2011年01月07日

「白いリボン」

 ひさびさに映画の話でも。いま現在、大阪・テアトル梅田などで上映中。



 ミヒャエル・ハネケは、ドイツのひねくれたキワもの映画監督。あのえげつない「ファニーゲーム」で一世を風靡した人ですが、「カフカの『城』」とか地味な破滅SF「タイム・オブ・ザ・ウルフ」とかも見ましたねそういえば。
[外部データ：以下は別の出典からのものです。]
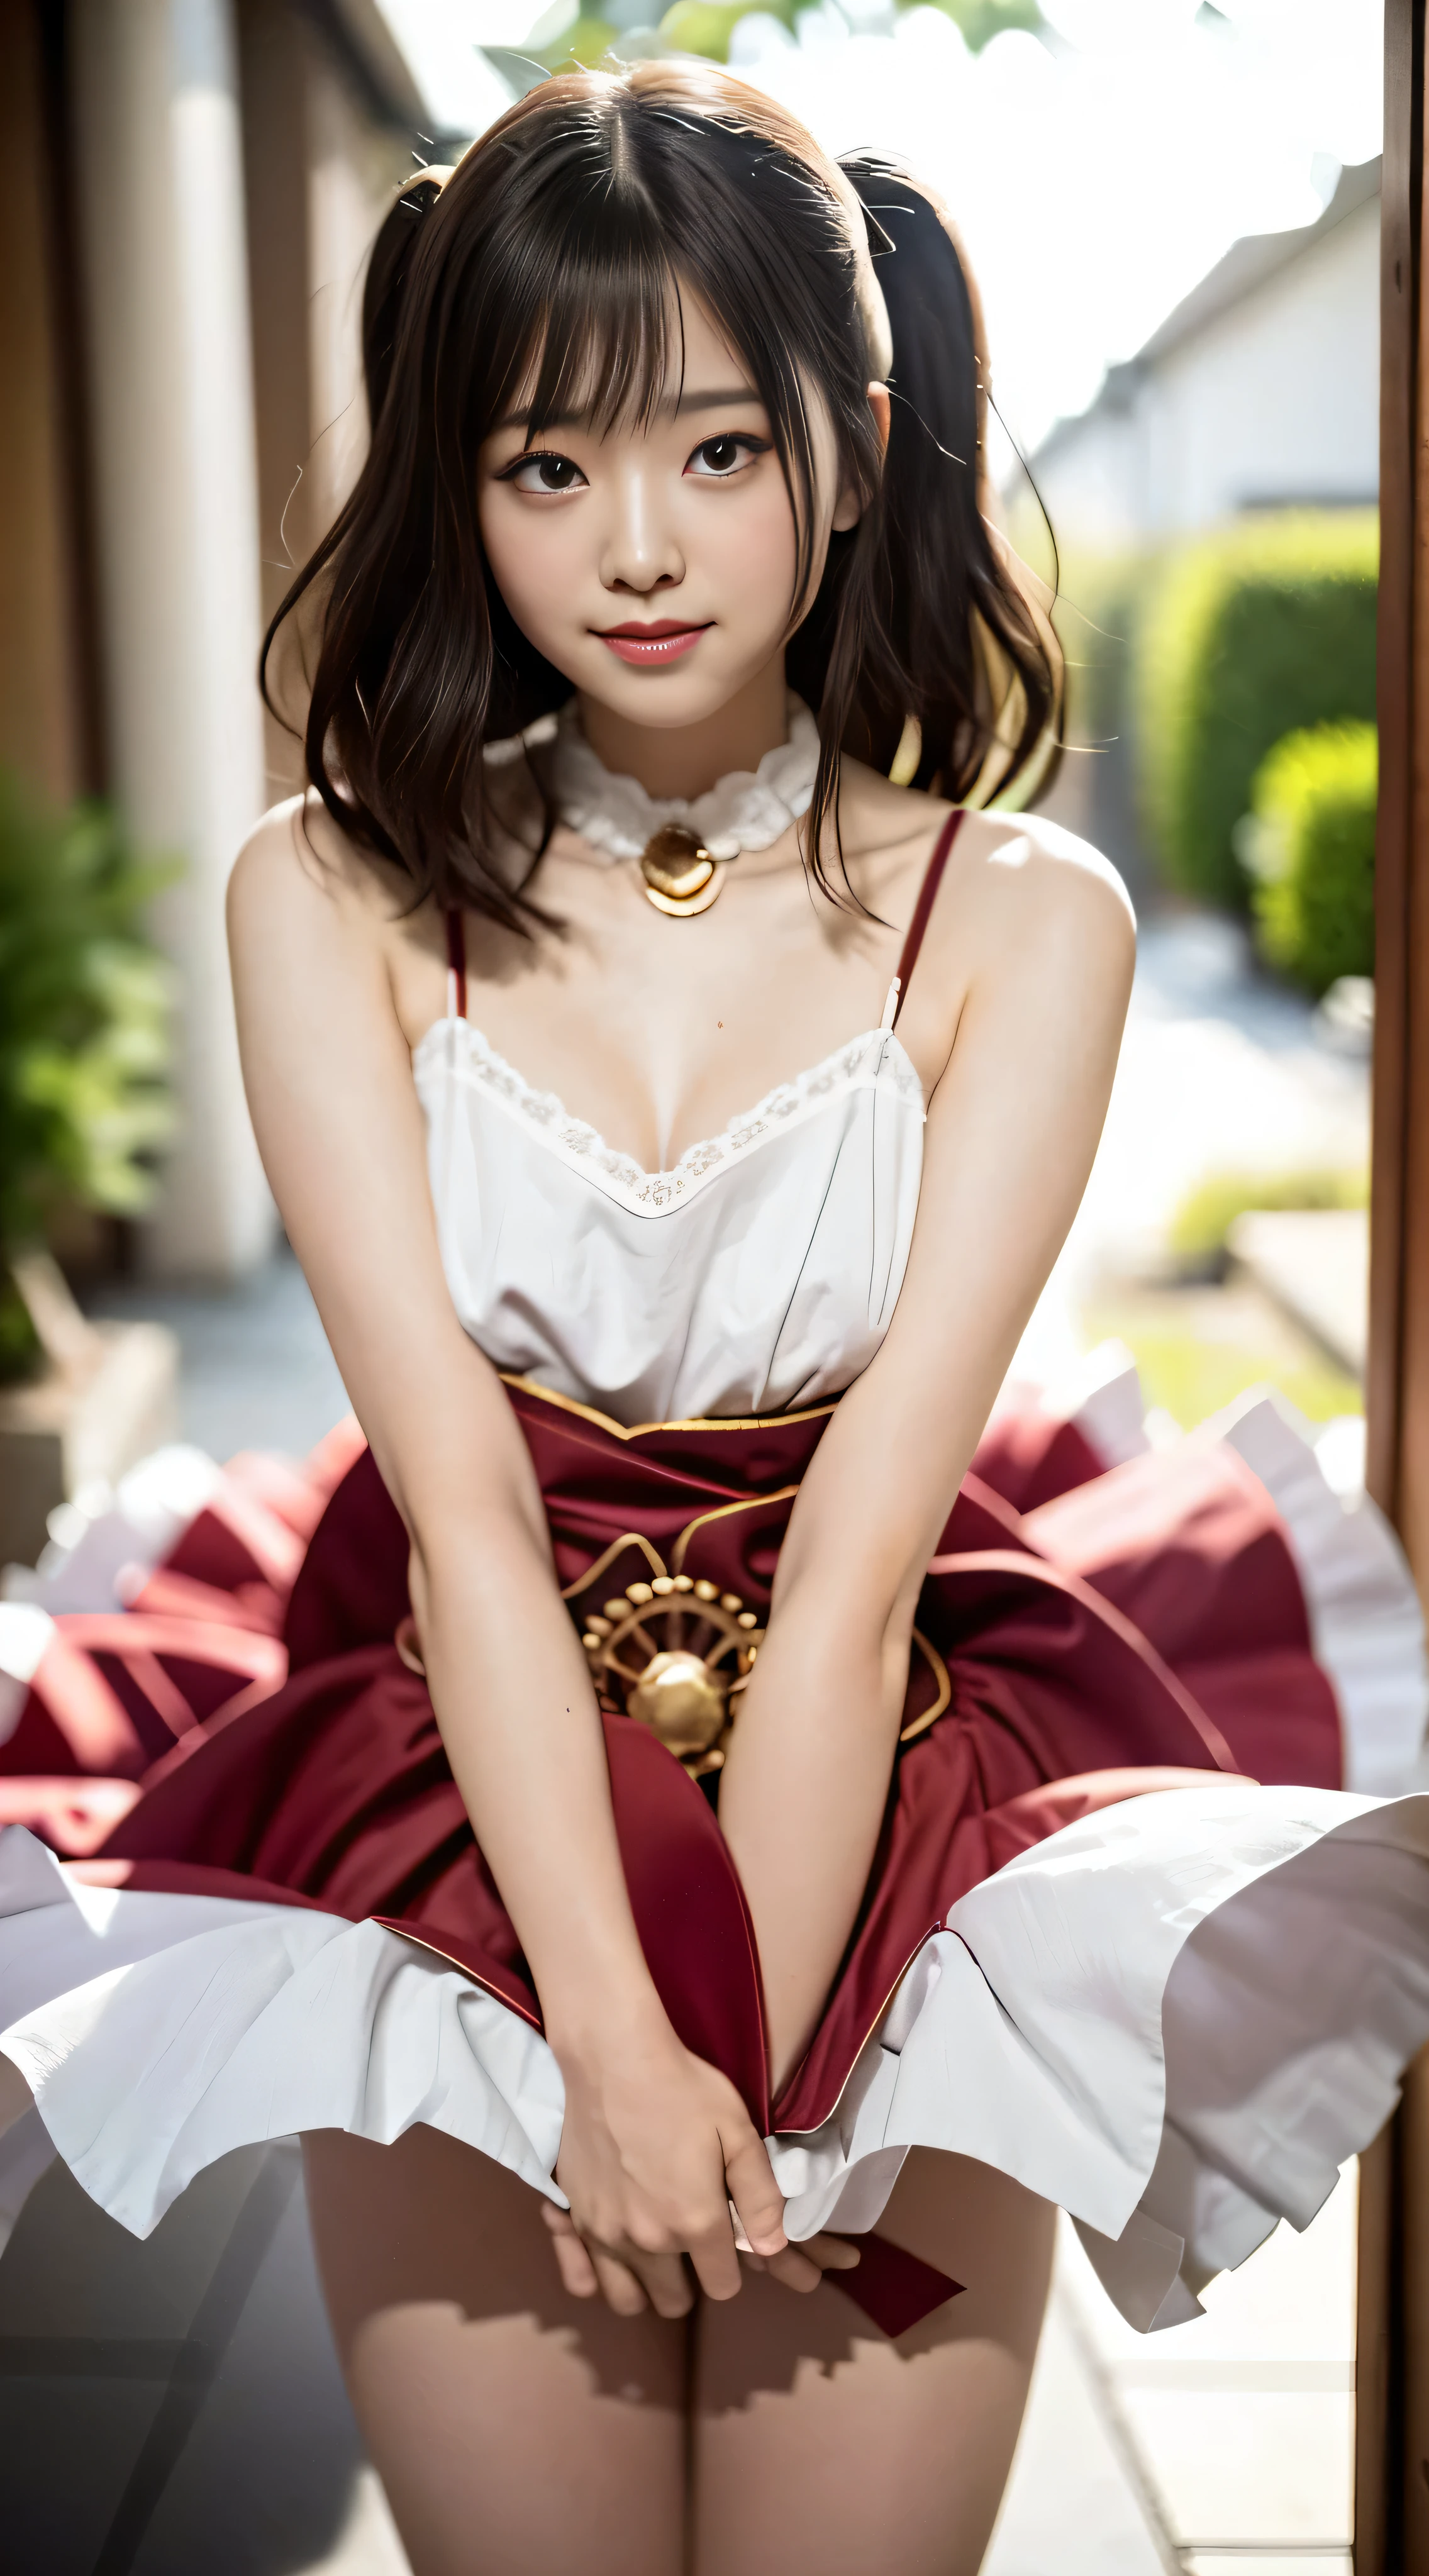 (최고 품질、8K、32K、걸작、nffsw:1.2)、귀여운 일본 여성의 사진、(슬픈 미소、빨간 홍당무:1.1)、보는 이의 시선을 사로잡는 아름다운 디테일의 드레스 스커트..:1.2::거기 핑크색)}}、상세한 다리、(다리를 벌리다:0.9)、(레이스 팬티:0.9)、{{{(윈드 리프트:1.6)}}}、{{전신 에스비언、바람}}、도시、집 밖에서

なんかどうでもいいぐらいエグい「ファニーゲーム」と、どんよりと地味なアート系作品の間で引き裂かれた印象のある人でしたが。

 このたびそのふたつを見事に統合した新作「白いリボン」をひっさげて登場。2時間半もある大作でしかもモノクロ、舞台は田舎町。ということでゲンナリしそうなものですが、ぜんぜん退屈せず。え、もう終わり?という感じでしたね。

 なにしろ村の医師が道に張られた針金につまづいて落馬し大怪我するシーンから始まり、常に何がしかの暴力が起きている。この何者かの悪意を引き金に、村全体が暴力のカオスに蝕まれていく。本当ならとても見ていられないほどえぐい話なんですが、ものすごく淡々と牧歌的に描写されているので、思わず見入ってしまう。まさしくハネケのふたつの顔がいい具合にブレンドされており、悲願のカンヌパルムドールを勝ち取ったのもむべなるかな。

 この暴力は通俗的なハリウッドの表現とも違うし、北野武の痛覚に訴える様式美とも違います。まったくの他者に与えられる暴力は無感動でどこかよそよそしい。その現実感の乏しさが、暴力の連鎖へのためらいをなくしてしまう。

 この映画の舞台は第一次世界大戦前夜でありナチスのナの字も出てこないのですが、やがてこの地を覆うであろうおぞましい暴力の嵐の予兆を強く感じさせる内容となっています。どんな暴力も最初はささいなことから始まっていること、そこに権力を持つ側が加わって暴力に加担してしまうと、もう止められない。何が原因でなんのために争っていたのかもわからなくなり、ただひたすら止めようもなく暴力の連鎖が続いていく。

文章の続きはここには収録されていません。